On Thursday, March 30, a cousin called to say she’d heard my long-forgotten sister Mara had died. We’ve both heard such rumors over the years and have no way of verifying them. So we shrugged and turned our attention to stories about our grandchildren before saying goodbye. A few minutes later she texted me a post from Mara’s Facebook:

The next morning I sipped coffee with one hand as I clicked into voicemails, emails and texts. A voicemail from the previous day said, ”Yes, ma’am. My name is Frank. I’m a captain with Winchester Police. Uh trying to find some possible information about your sister Mara if you can give me a call back. My telephone number is 540xxxxxx. Thanks.”

Captain Frank said they’d responded to a wellness check nearly three weeks ago, on March 13 and was sorry to say Mara had died. The police couldn’t find any information except an emergency contact on Mara’s health records for one of my other sisters. That number was disconnected.

Their investigation drove them to Facebook looking for clues. Eventually they connected to Ellen, an old high school friend who tried staying in touch with Mara. Years ago I’d given Ellen my phone number during a time when people were still trying to help Mara get sober.

“How did she die?” I asked the Captain.

“The death certificate won’t be available for a few weeks. Nothing suspicious though. No reason for us to ask for an autopsy,” he said.

“Oh. Where’s her body?” I asked.

“At the funeral home. They are concerned about the disposition of the remains.”

The Captain felt he ought to talk to the one quasi-official designated family member whom Mara listed as her emergency contact. I said it might take me a few hours to contact her since I didn’t have her number.

“The landlord hasn’t called us yet,” said the Captain, “but we’ll need to give him a contact.”

“I’m sorry,” I said, “I guess it’s obvious we are all estranged.”

I thanked him profusely and told him to feel free to contact me again if need be.

Mara was the oldest of four sisters. I, the second born, became an unwanted character in her life from the dawn of our family story. As adults Mara and I tried here and there to be loving. She once sent me a textbook, England in Literature, from my high school English class. It has my handwritten notes in the margins. She’d salvaged the book from the rubble of our mother’s home. This cherished gift is one of the kindest gestures of my lifetime. 

But our ancestral roots of untreated alcoholism proved too tangled for Mara to weed through. I arose as an easy target for her perennial unruly emotions, especially after I joined Alcoholics Anonymous.

From her Facebook page, I see that many of Mara’s old friends loved her dearly and tried to poke through her isolation for years with little success. Ellen’s brief eulogy tells me Mara confided in her,  and Ellen loved Mara even in Mara’s brokenness.

That is the most comforting condolence of all—knowing Mara was loved.

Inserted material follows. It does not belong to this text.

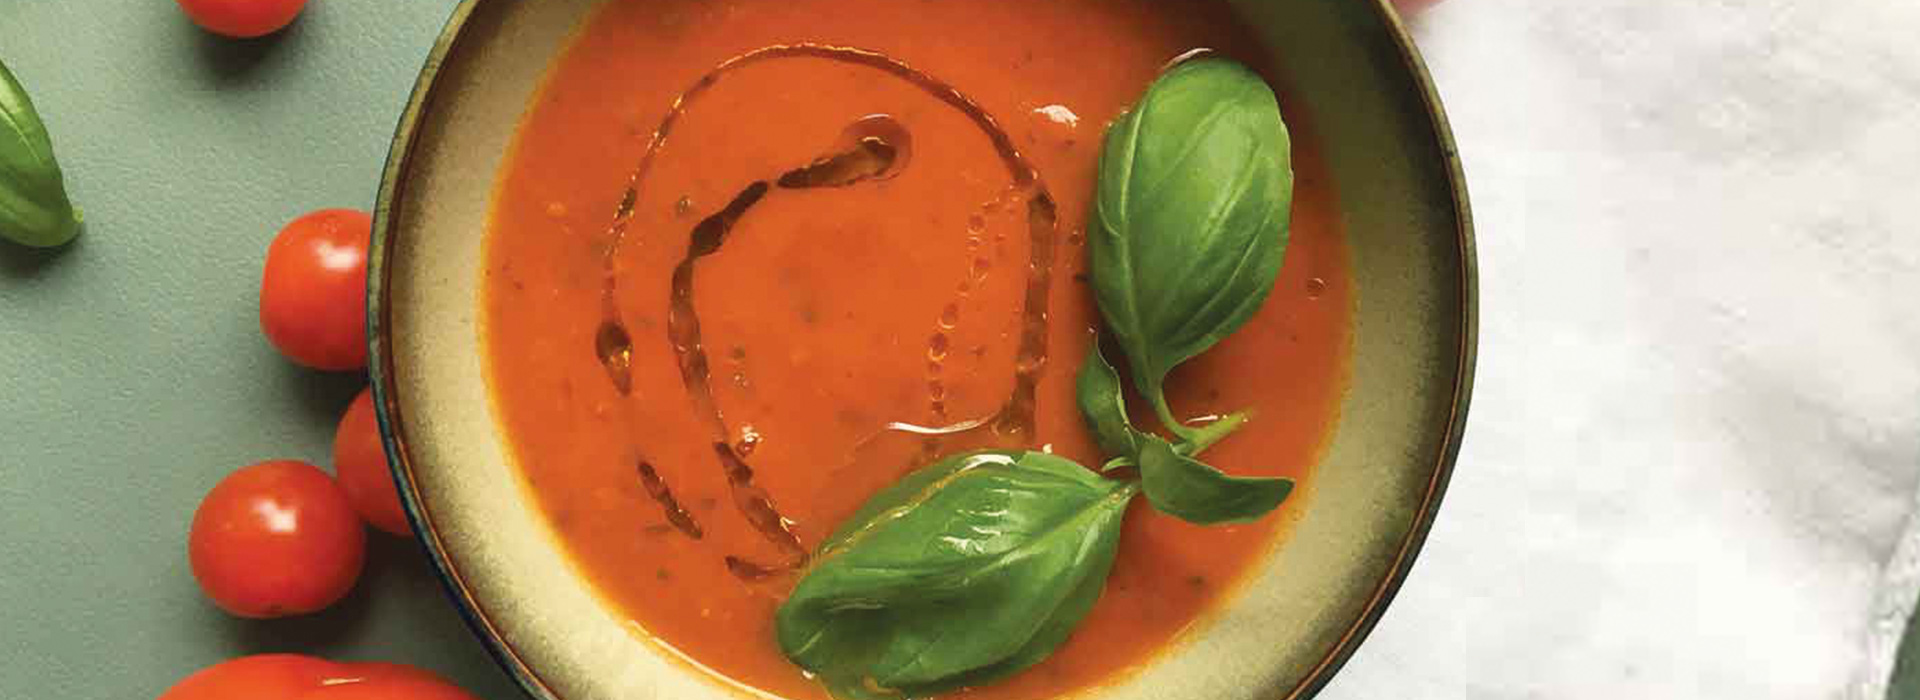 olivenlunden oppskrifter suppe tomatsuppe med chilolje hvit balsamico cherrytomater hverdagsolje

Mara Burke, b. February 1, 1945, d. March 13, 2023

15 thoughts on “Mara Burke RIP

  1. I think of her daily, saddened by her tragic end, but grateful for the friendship we shared for most of our lives. She and I double dated, attended formals at The Peddie School, listened to music we loved.
    Her shop, where she helped us look stunning, but never as stunning as she looked, was where we all first established credit, for she generously gave us all our first credit card! Her many gifts over the years are now especially treasures I’ll forever cherish. The slim silver bracelet she gave me many years ago is still my very favorite and timeless accessory, the many articles she sent knowing I loved cooking and gardening, the tiny blue and white dish which sits on my nightstand, are fond remembrances of her love and friendship. Yes, she was dearly loved. Ellen

    Liked by 1 person

  2. I am very sorry for your family’s loss. Mara was on my mind and i Googled her name; saddened by the news i now read. I am happy to say even though Mara and I were not close we got to share plenty of sobriety and plenty of very good healing laughter and lost of very good coffee and pastry over the oast 33 years.
    Fly High Mara
    Be at Peace, Friend

    Liked by 1 person

  3. Dear Regan,
    Mara strove to appear in control and successful – and she succeeded for as long as I knew her. It is sad to know that, for her, it was not enough. My sympathy is with you, dear Regan. However ‘estranged’ your family was and is, you have broken free of the neglect you all suffered. Love, HABIV

    Liked by 1 person

  4. My dear Regan, Please accept our deepest condolences upon the death of your sister Mara. Estranged or not, it is still sad to lose a member of your family. We’re sorry her life was such a struggle, but happy for her and for you that she had friends who loved her. Please be good to yourself to help assuage any negative feelings that may have arisen with this news. We love you, D. for Bill and me

    Liked by 1 person

  5. So sorry for your loss, Regan. Failure, such as that which your sister experienced throughout her life, can
    dramatically complicate grief.

    Liked by 1 person

  6. Dear Regan,
    I’m struggling to know what to say that might be of comfort. Your piece is so moving and honest. Keep writing and healing. We’re listening and learning from you. We care.